(Records contained in a dataset)
◆ ◆ ◆

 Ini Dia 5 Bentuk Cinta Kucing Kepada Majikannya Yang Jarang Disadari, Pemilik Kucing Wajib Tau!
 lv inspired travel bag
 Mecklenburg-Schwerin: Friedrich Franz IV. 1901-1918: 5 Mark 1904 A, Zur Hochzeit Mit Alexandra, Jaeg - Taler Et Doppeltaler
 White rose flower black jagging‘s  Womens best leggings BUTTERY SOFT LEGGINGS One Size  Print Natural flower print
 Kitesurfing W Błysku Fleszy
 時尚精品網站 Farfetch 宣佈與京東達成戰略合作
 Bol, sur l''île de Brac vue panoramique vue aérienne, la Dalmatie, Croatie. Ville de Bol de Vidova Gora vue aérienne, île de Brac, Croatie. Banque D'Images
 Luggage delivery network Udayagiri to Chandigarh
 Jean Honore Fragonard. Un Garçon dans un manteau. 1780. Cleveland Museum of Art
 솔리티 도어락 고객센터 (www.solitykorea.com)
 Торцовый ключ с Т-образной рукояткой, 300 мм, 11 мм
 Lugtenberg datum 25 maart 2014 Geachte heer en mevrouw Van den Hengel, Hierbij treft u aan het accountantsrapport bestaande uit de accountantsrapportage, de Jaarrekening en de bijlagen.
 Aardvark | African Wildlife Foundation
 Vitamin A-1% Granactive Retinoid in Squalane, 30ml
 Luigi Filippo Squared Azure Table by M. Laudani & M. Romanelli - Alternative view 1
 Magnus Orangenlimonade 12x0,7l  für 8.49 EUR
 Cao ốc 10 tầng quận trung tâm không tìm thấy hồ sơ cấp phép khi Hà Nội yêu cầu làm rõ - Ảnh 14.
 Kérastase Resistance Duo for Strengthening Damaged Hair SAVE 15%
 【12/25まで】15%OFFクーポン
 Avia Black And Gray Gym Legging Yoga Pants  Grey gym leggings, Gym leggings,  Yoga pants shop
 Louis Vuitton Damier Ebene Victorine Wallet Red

◆ ◆ ◆

Transcribe the records above exactly, keeping every line.

 Ini Dia 5 Bentuk Cinta Kucing Kepada Majikannya Yang Jarang Disadari, Pemilik Kucing Wajib Tau!
 lv inspired travel bag
 Mecklenburg-Schwerin: Friedrich Franz IV. 1901-1918: 5 Mark 1904 A, Zur Hochzeit Mit Alexandra, Jaeg - Taler Et Doppeltaler
 White rose flower black jagging‘s  Womens best leggings BUTTERY SOFT LEGGINGS One Size  Print Natural flower print
 Kitesurfing W Błysku Fleszy
 時尚精品網站 Farfetch 宣佈與京東達成戰略合作
 Bol, sur l''île de Brac vue panoramique vue aérienne, la Dalmatie, Croatie. Ville de Bol de Vidova Gora vue aérienne, île de Brac, Croatie. Banque D'Images
 Luggage delivery network Udayagiri to Chandigarh
 Jean Honore Fragonard. Un Garçon dans un manteau. 1780. Cleveland Museum of Art
 솔리티 도어락 고객센터 (www.solitykorea.com)
 Торцовый ключ с Т-образной рукояткой, 300 мм, 11 мм
 Lugtenberg datum 25 maart 2014 Geachte heer en mevrouw Van den Hengel, Hierbij treft u aan het accountantsrapport bestaande uit de accountantsrapportage, de Jaarrekening en de bijlagen.
 Aardvark | African Wildlife Foundation
 Vitamin A-1% Granactive Retinoid in Squalane, 30ml
 Luigi Filippo Squared Azure Table by M. Laudani & M. Romanelli - Alternative view 1
 Magnus Orangenlimonade 12x0,7l  für 8.49 EUR
 Cao ốc 10 tầng quận trung tâm không tìm thấy hồ sơ cấp phép khi Hà Nội yêu cầu làm rõ - Ảnh 14.
 Kérastase Resistance Duo for Strengthening Damaged Hair SAVE 15%
 【12/25まで】15%OFFクーポン
 Avia Black And Gray Gym Legging Yoga Pants  Grey gym leggings, Gym leggings,  Yoga pants shop
 Louis Vuitton Damier Ebene Victorine Wallet Red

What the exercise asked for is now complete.